=== Begin Enclosure ===

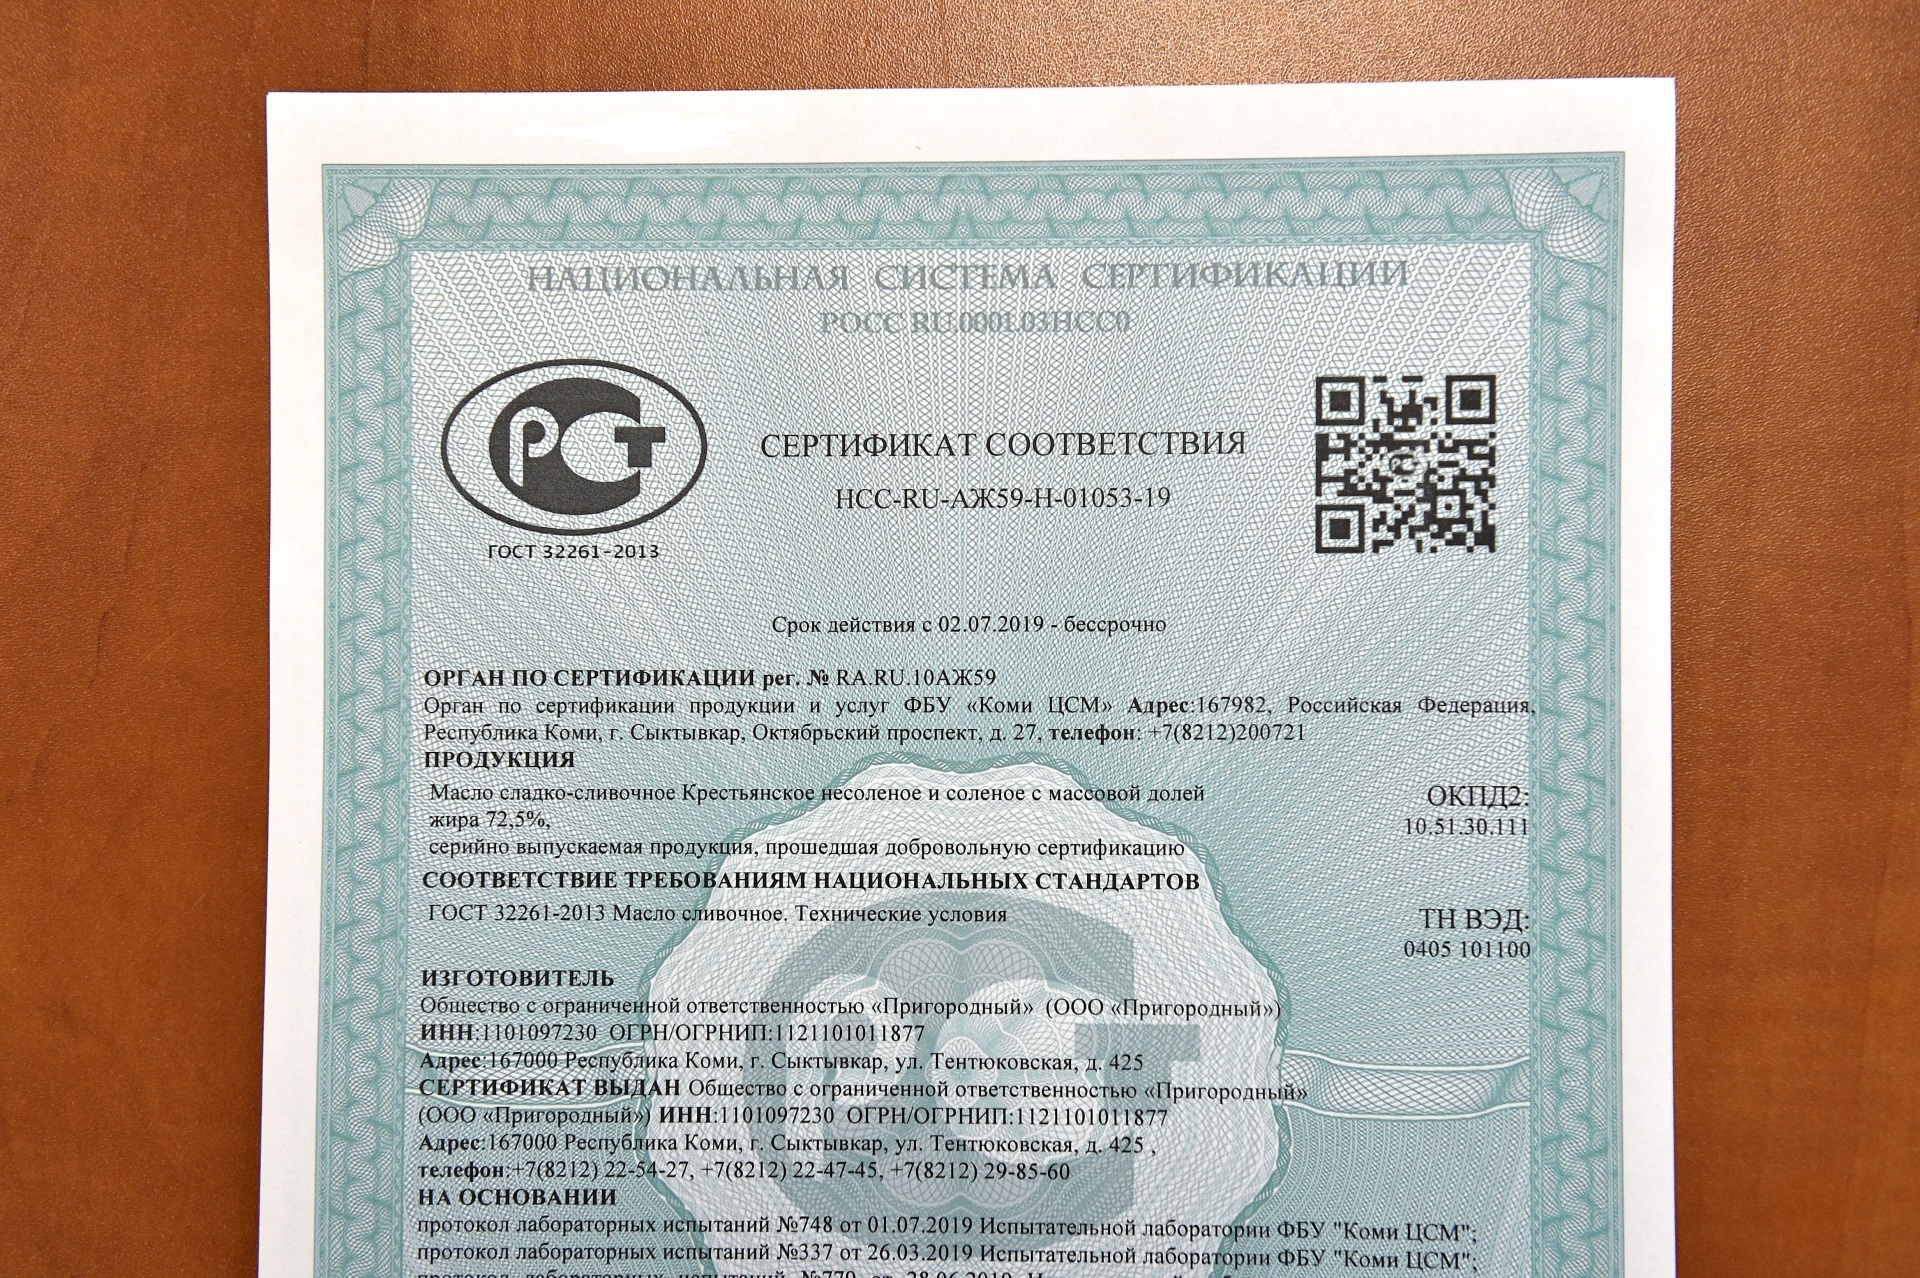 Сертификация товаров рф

=== End Enclosure ===
=== Begin Enclosure ===

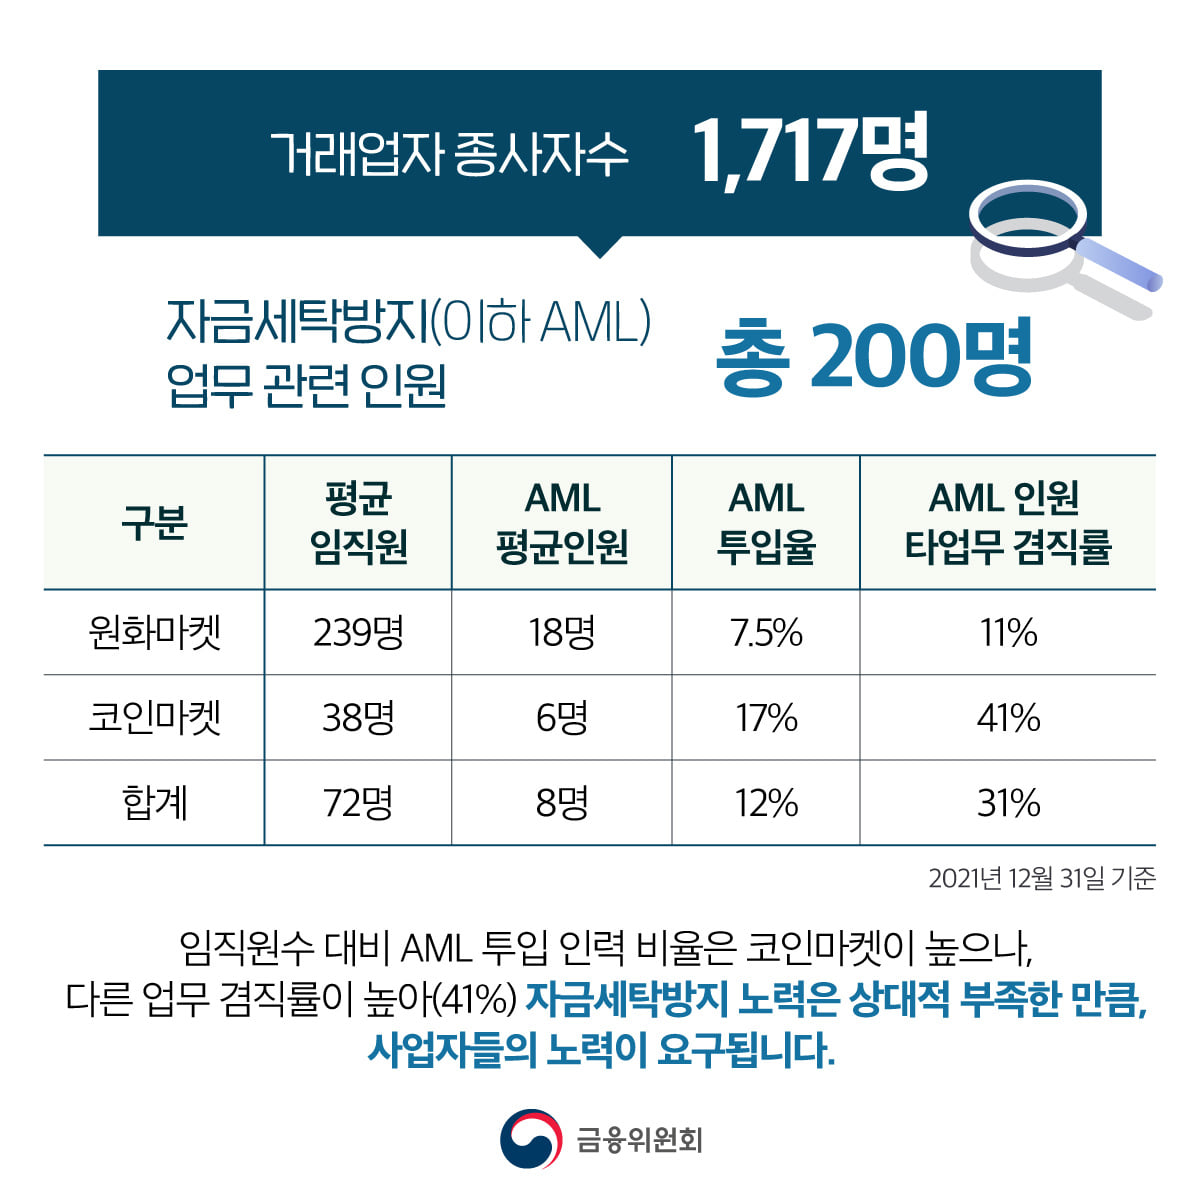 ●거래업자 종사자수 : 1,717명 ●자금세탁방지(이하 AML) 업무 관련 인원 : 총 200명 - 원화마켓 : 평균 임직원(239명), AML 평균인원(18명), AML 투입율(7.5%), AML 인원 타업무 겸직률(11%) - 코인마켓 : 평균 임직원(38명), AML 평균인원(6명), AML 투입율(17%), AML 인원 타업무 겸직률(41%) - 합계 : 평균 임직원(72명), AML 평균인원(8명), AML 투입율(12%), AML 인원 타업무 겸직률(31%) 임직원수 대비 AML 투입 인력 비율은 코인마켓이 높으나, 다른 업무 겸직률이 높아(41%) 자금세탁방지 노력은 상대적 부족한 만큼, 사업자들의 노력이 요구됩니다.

=== End Enclosure ===
=== Begin Enclosure ===

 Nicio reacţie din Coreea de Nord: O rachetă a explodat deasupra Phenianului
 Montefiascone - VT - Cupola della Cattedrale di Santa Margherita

=== End Enclosure ===

The problem. Give back, exactly as written, the stretch from the line with "Nicio reacţie din" through the line with "Montefiascone - VT", and no other lines from the records above.

Task result.
 Nicio reacţie din Coreea de Nord: O rachetă a explodat deasupra Phenianului
 Montefiascone - VT - Cupola della Cattedrale di Santa Margherita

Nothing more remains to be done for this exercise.